# Sticky  Updated! Steps For Installing And Updating Windows 7 SP1



## flavallee

IMPORTANT! Before you start using this Windows 7 SP1 install and update guide, make sure all optional external devices (printer, storage drive, flash drive, webcam, etc.) are disconnected from the computer.
Once Windows 7 SP1 is completely up-to-date, you can re-connect and install them.

IMPORTANT! Before running each of the updates in steps #2 through #4, make sure to stop the "Windows Update" service from running.
Make sure to restart the computer after completing each of those steps.

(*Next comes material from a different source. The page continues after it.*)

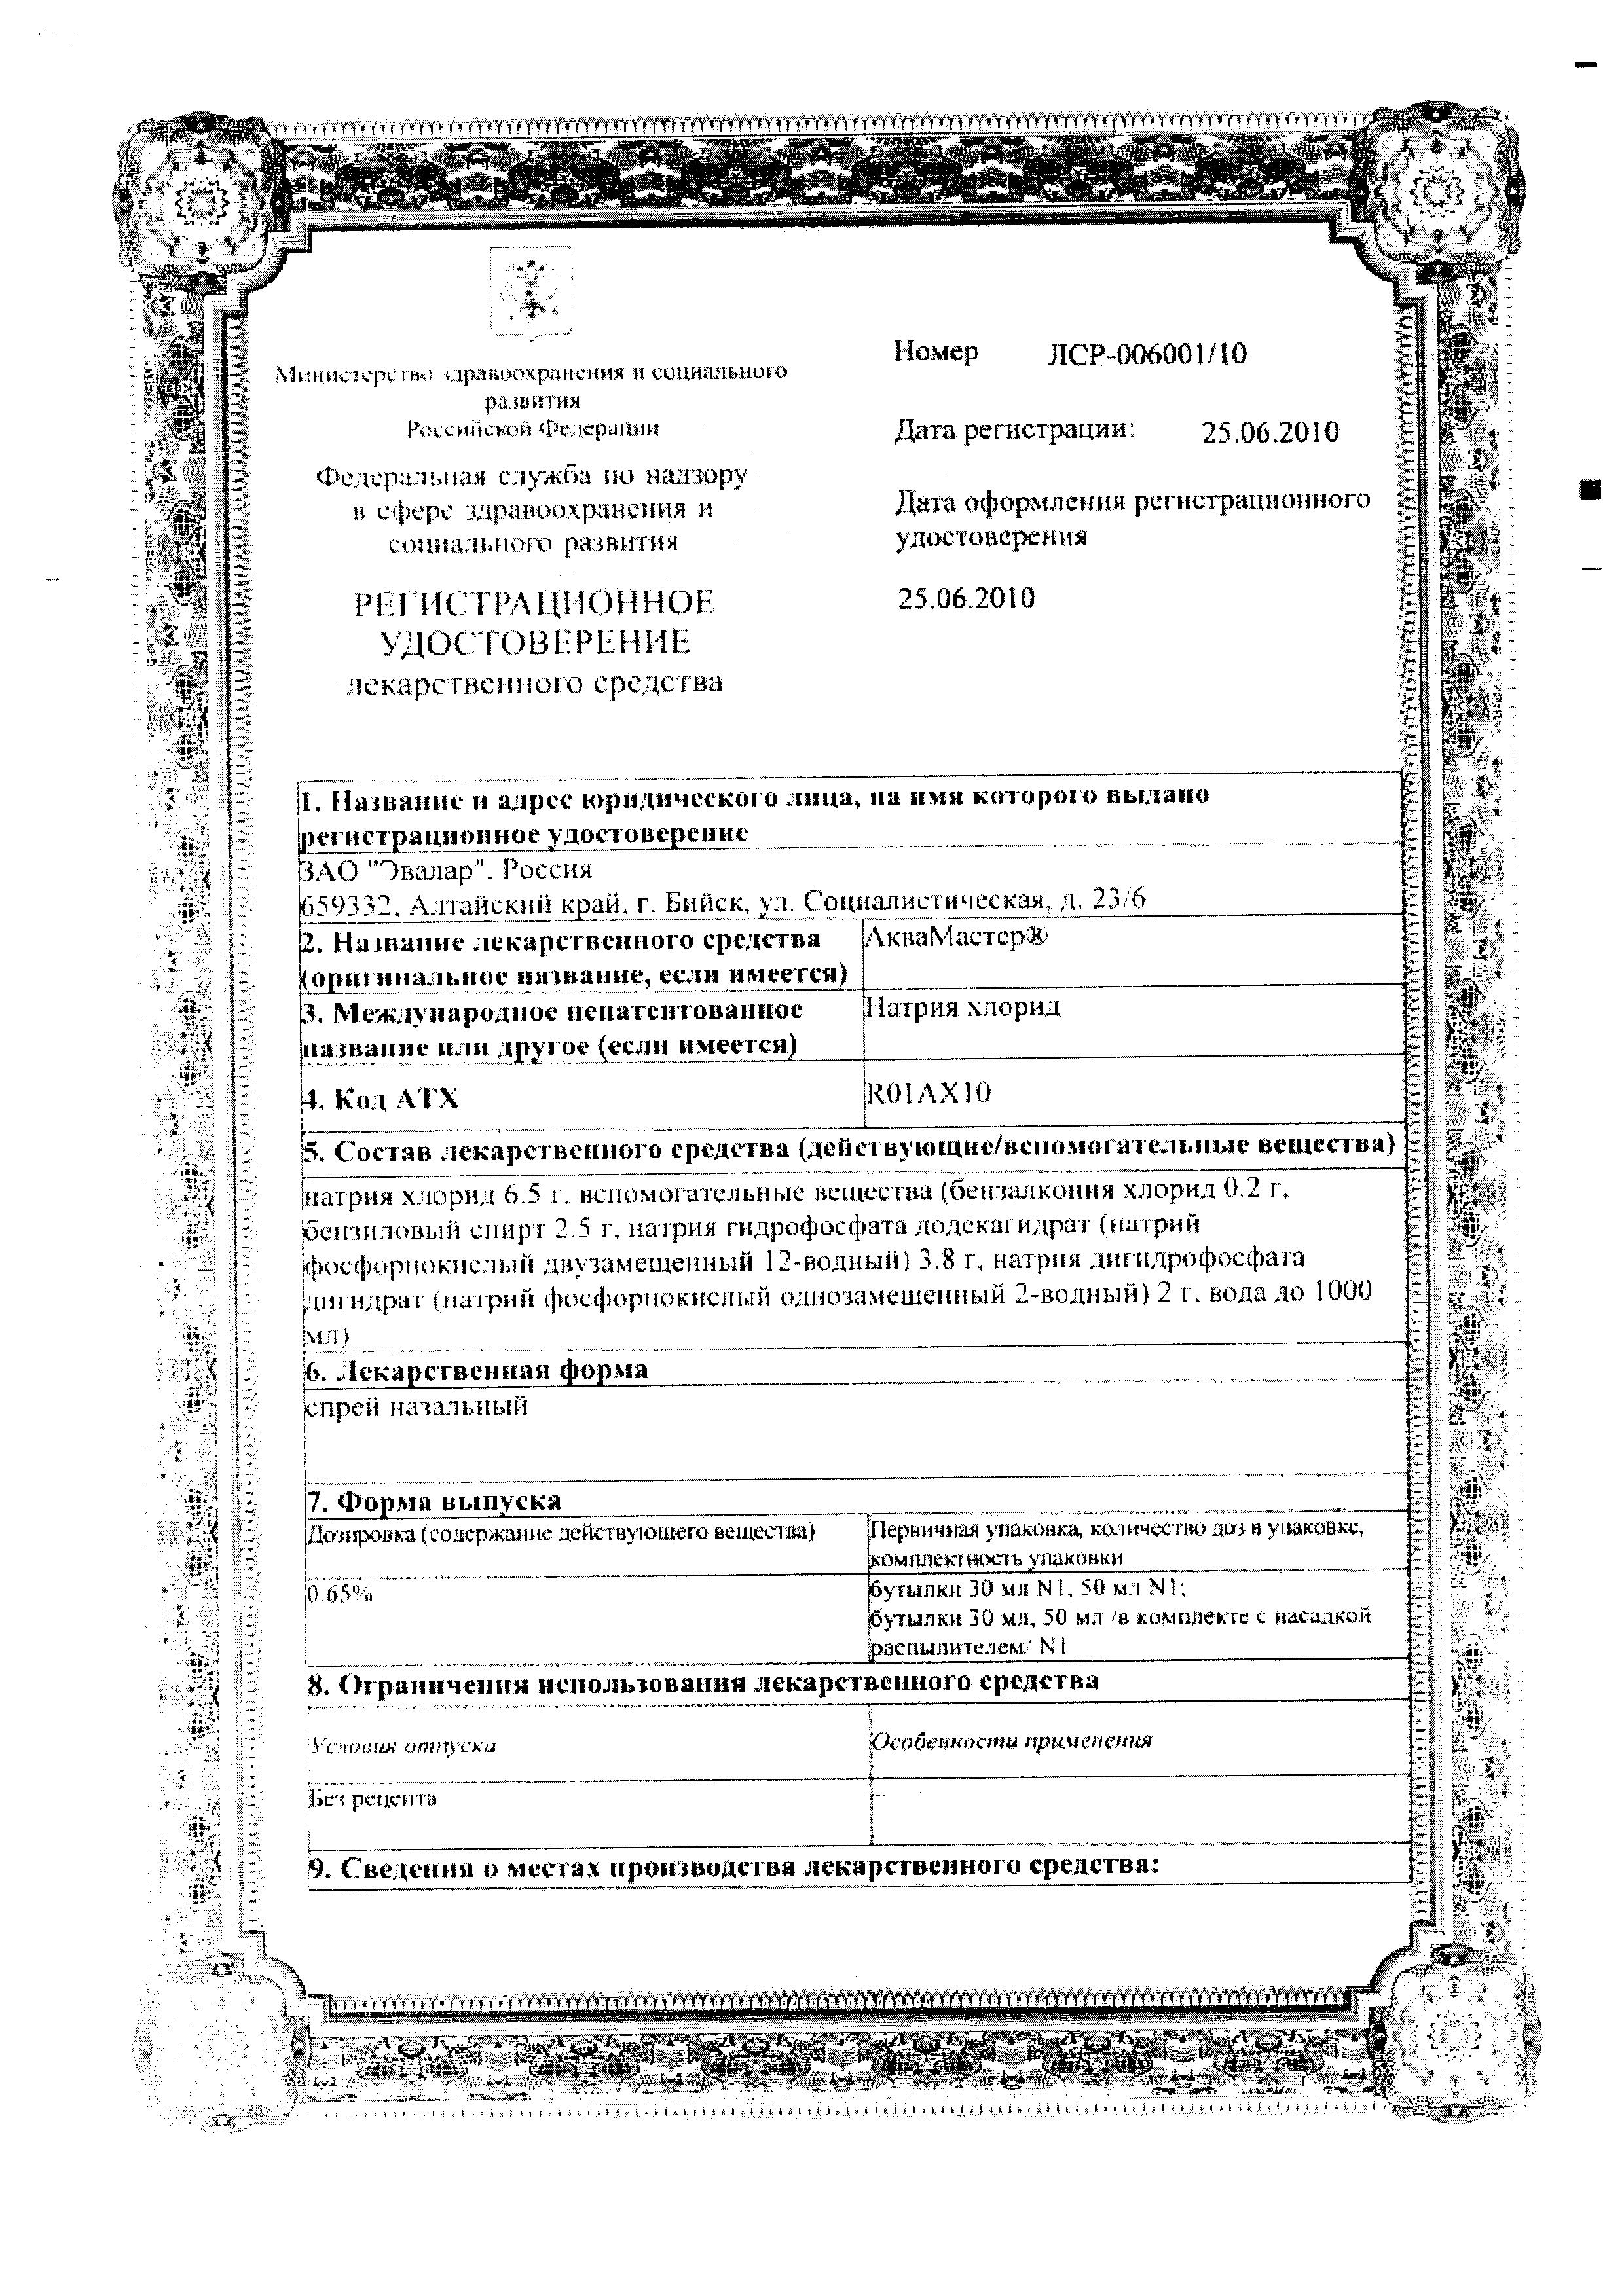 АкваМастер сертификат
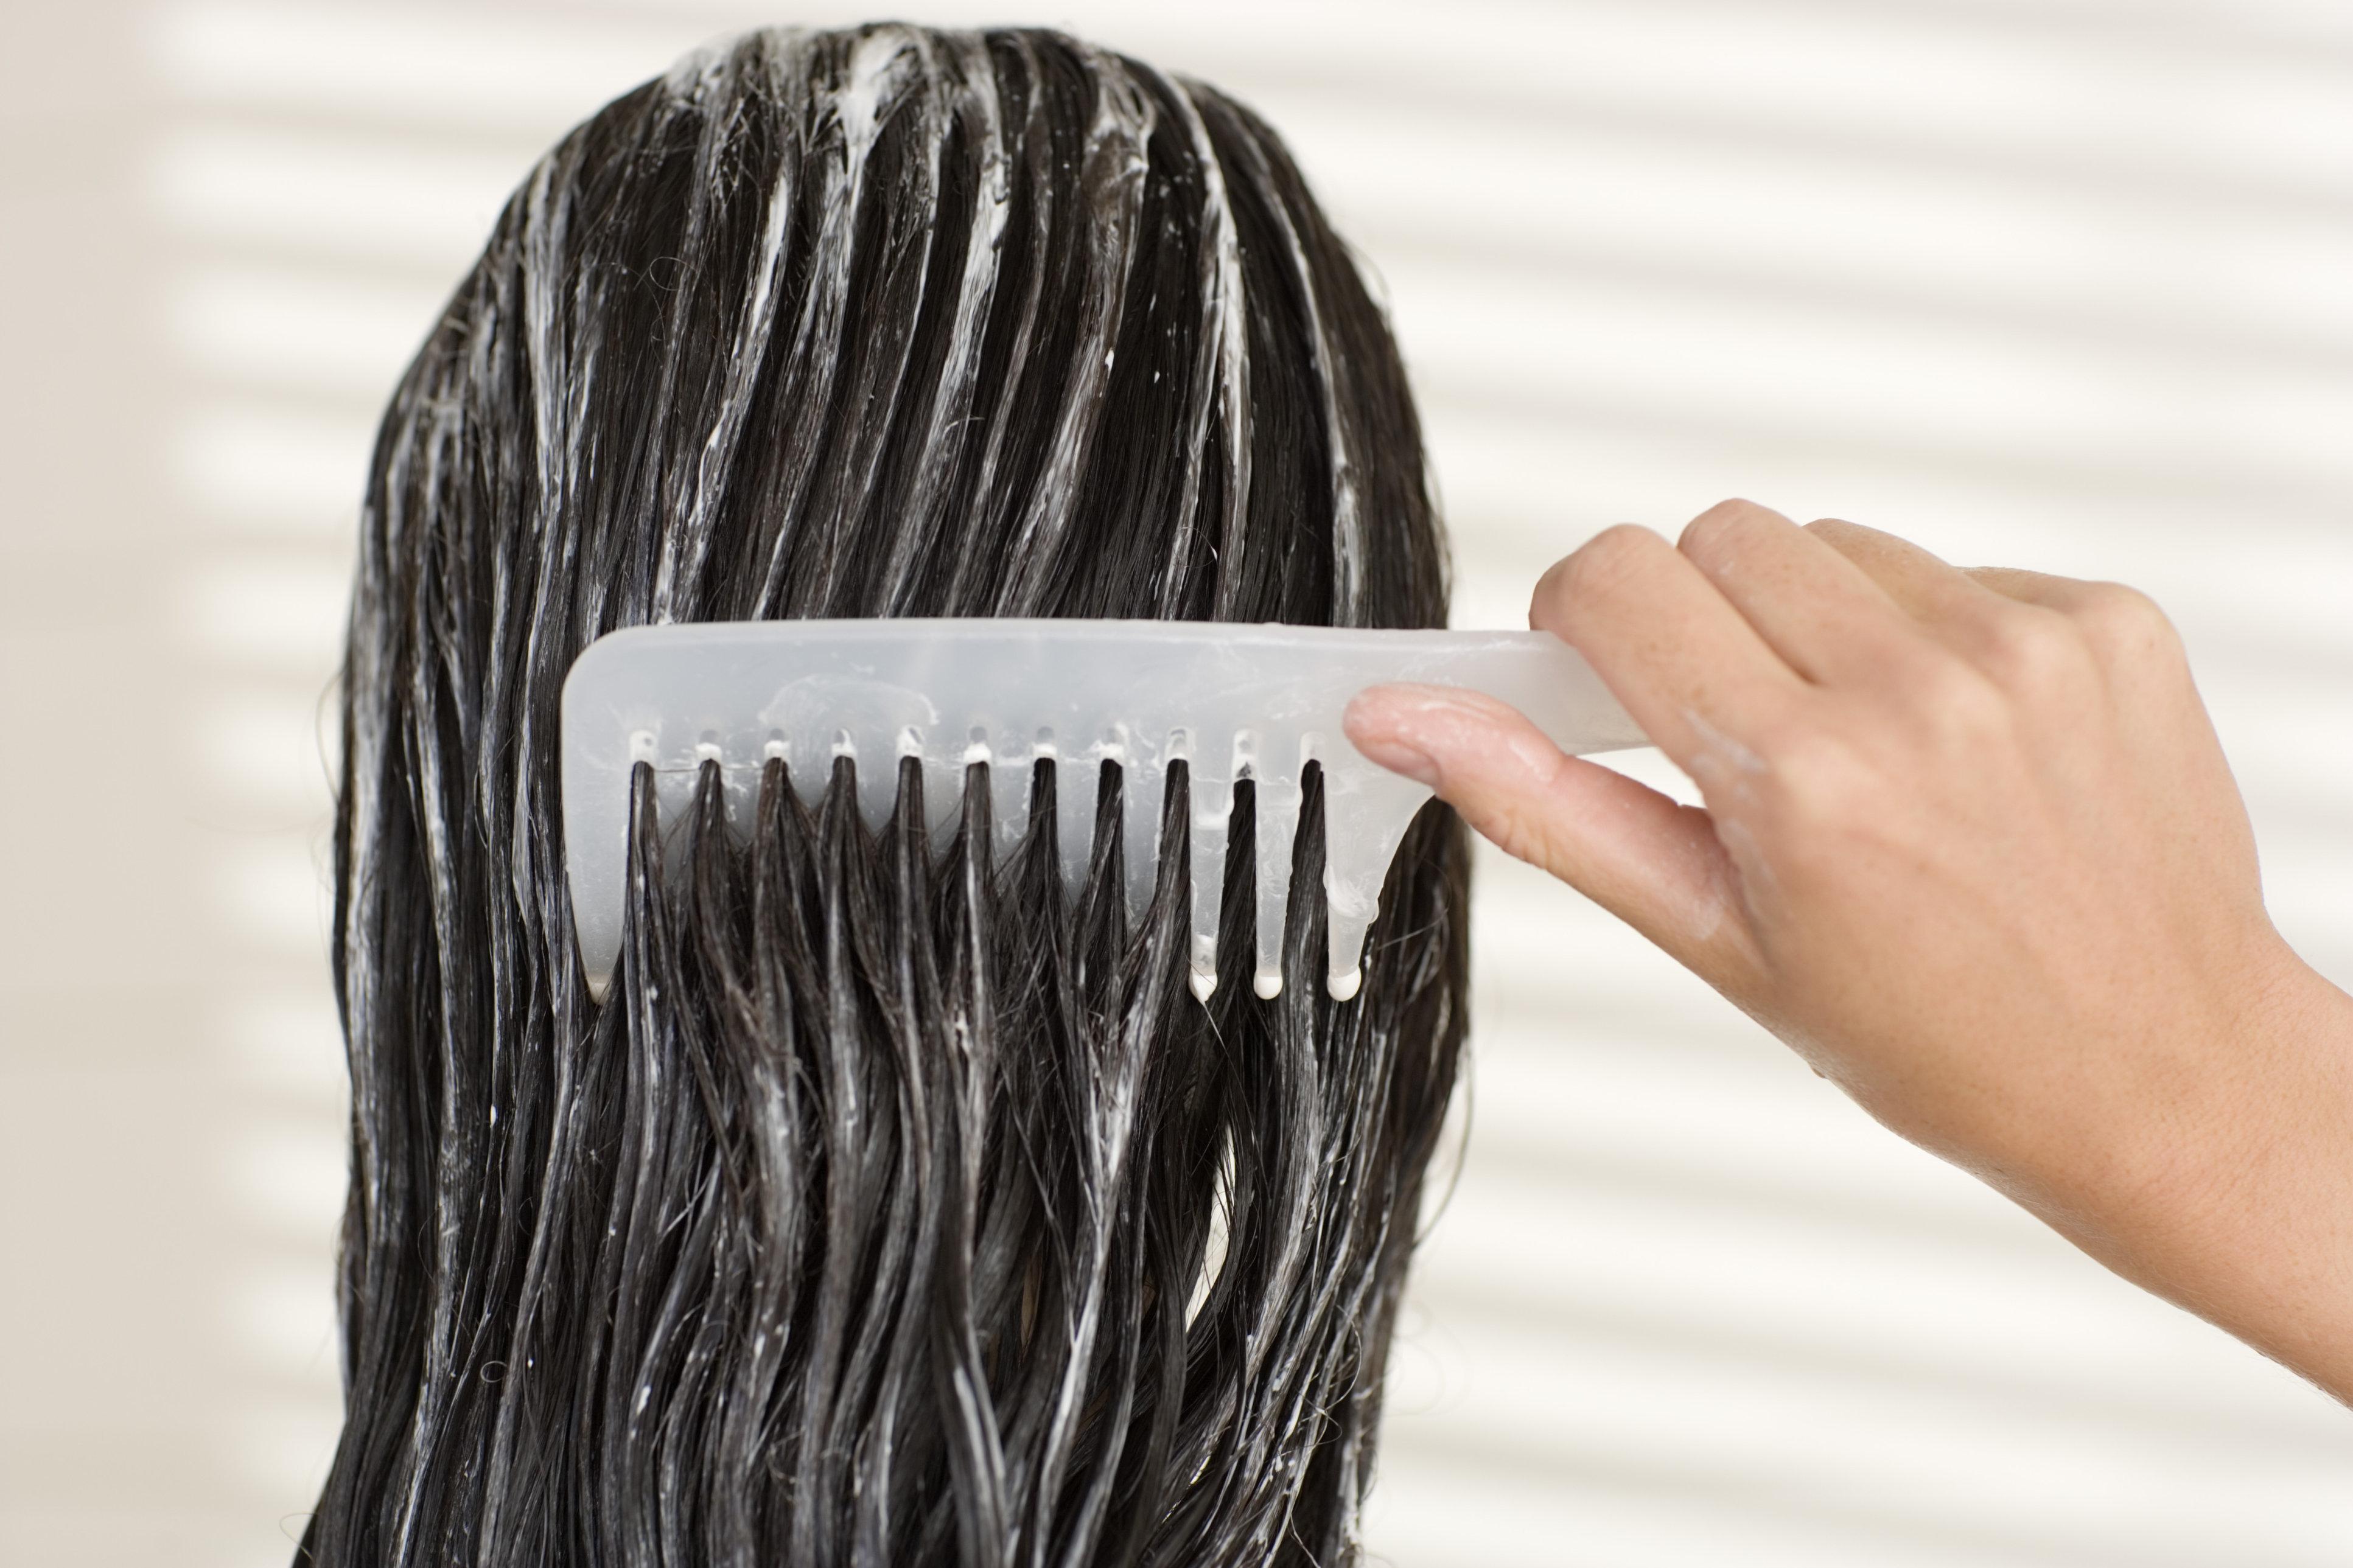 conditioner before shampoo的圖片搜尋結果

1. Boot from your install media and do a clean install of Windows 7 SP1.
Skip the activation process for now and do not enter a product key.
Keep Windows Update turned off for now by selecting "Ask me later".

2. Install the March 2019 servicing stack update (*KB4490628*)
https://www.catalog.update.microsoft.com/search.aspx?q=kb4490628

3. Install the September 2019 SHA-2 code update (*KB4474419*)
https://www.catalog.update.microsoft.com/Search.aspx?q=kb4474419

4. Install the May 2016 convenience rollup update (*KB3125574*)
https://www.catalog.update.microsoft.com/Search.aspx?q=kb3125574
Note: This update may appear to freeze, so be patient and allow it to finish installing.

5. Install *Microsoft .NET Framework 4.8*
https://go.microsoft.com/fwlink/?linkid=2088631
Note: After it installs, do not click the link to check for updates.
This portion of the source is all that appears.